Diario de las sombras

Deben de ser estas sombras un recurso de la noche para avisarme de algo que aún no alcanzo a entender. Son estas sombras de una naturaleza peculiar, pues no necesitan de luz para existir, casi al contrario, cuanto más densa la oscuridad es, más a gusto parecen sentirse, más densas y visibles se hacen. Son estáticas o móviles, me miran o me ignoran, son antropomorfas u ovaladas; a veces hasta me atacan. Silenciosas y volátiles, permanecen unos cuantos segundos después de interrumpir mi sueño y hacerme abrir los ojos; luego se marchan sin darse más importancia, se funden con la oscuridad de la noche, una oscuridad que se me antoja débil al contraste con sus pieles.

Hace algunas noches un torso en sombra, absoluto poseedor de esa oscuridad opaca, sobresalía del armario que hay frente a mí, un poco más allá de los pies de mi cama pero orientado en perpendicular a ella.

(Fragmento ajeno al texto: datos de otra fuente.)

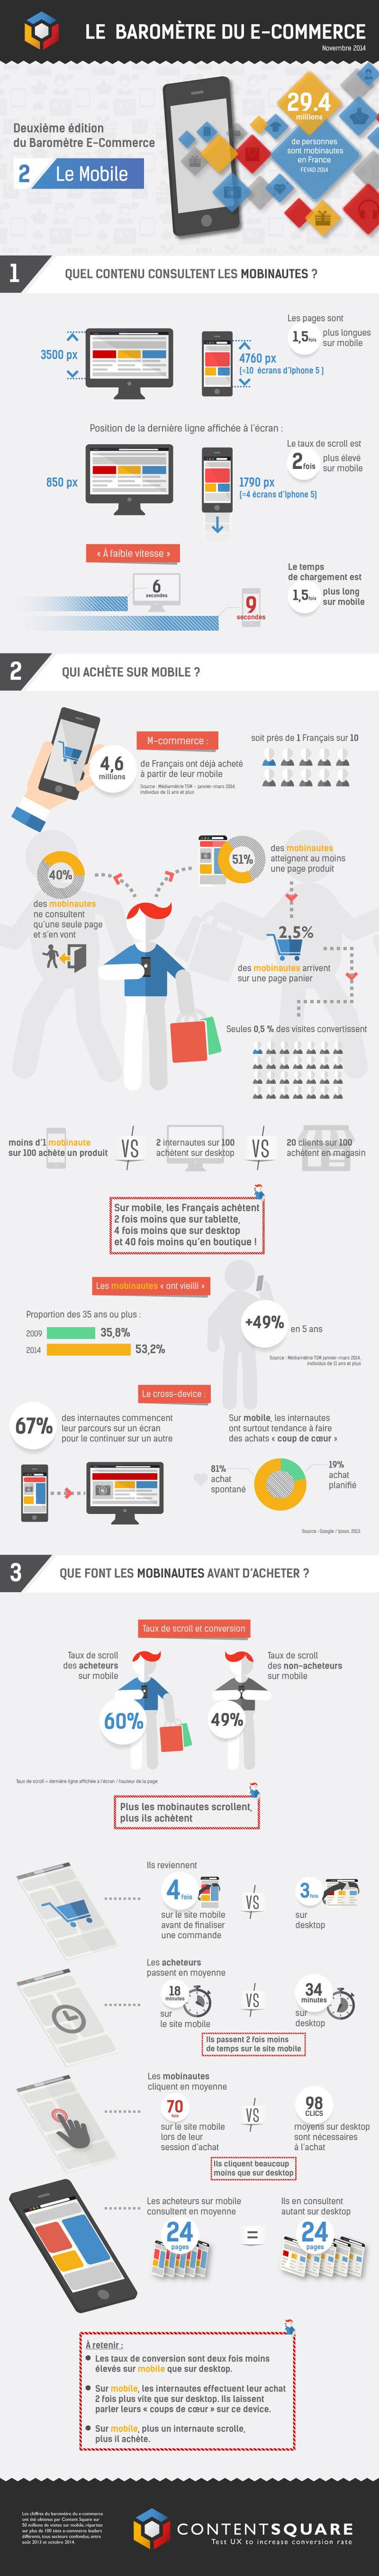 Les chiffres-clés du e-commerce via mobile   Comarketing-News f46d0073721b

Tenía la cabeza girada hacia mí, o tal impresión me dio; estoy casi seguro de que me contemplaba en silencio, sin hacer un solo movimiento. Su busto era singular, más parecido a alguna figura propia de mitologías o leyendas, fornido y de cara angulosa, casi como una representación demoníaca que sin embargo no llegó a inquietarme tanto. Desapareció sin más.

Otra noche fueron dos o tres sombras humanoides las que correteaban al otro lado del marco de la puerta, también un poco más allá de los pies de mi cama y, por lo tanto, frente a mí. Era un correr silencioso, casi un levitar rápido que las hacía entrar y salir de mi campo de visión; también me daba la impresión de que se subían por los muebles de la habitación contigua, llegando a corretear por la mesa o el sillón, incluso a trepar cual salamandra por las paredes. Aquellas sombras me ignoraban pero actuaban para mí, aquel juego infantil no podía tener un propósito distinto al de llamar mi atención. Hasta que desaparecieron sin más.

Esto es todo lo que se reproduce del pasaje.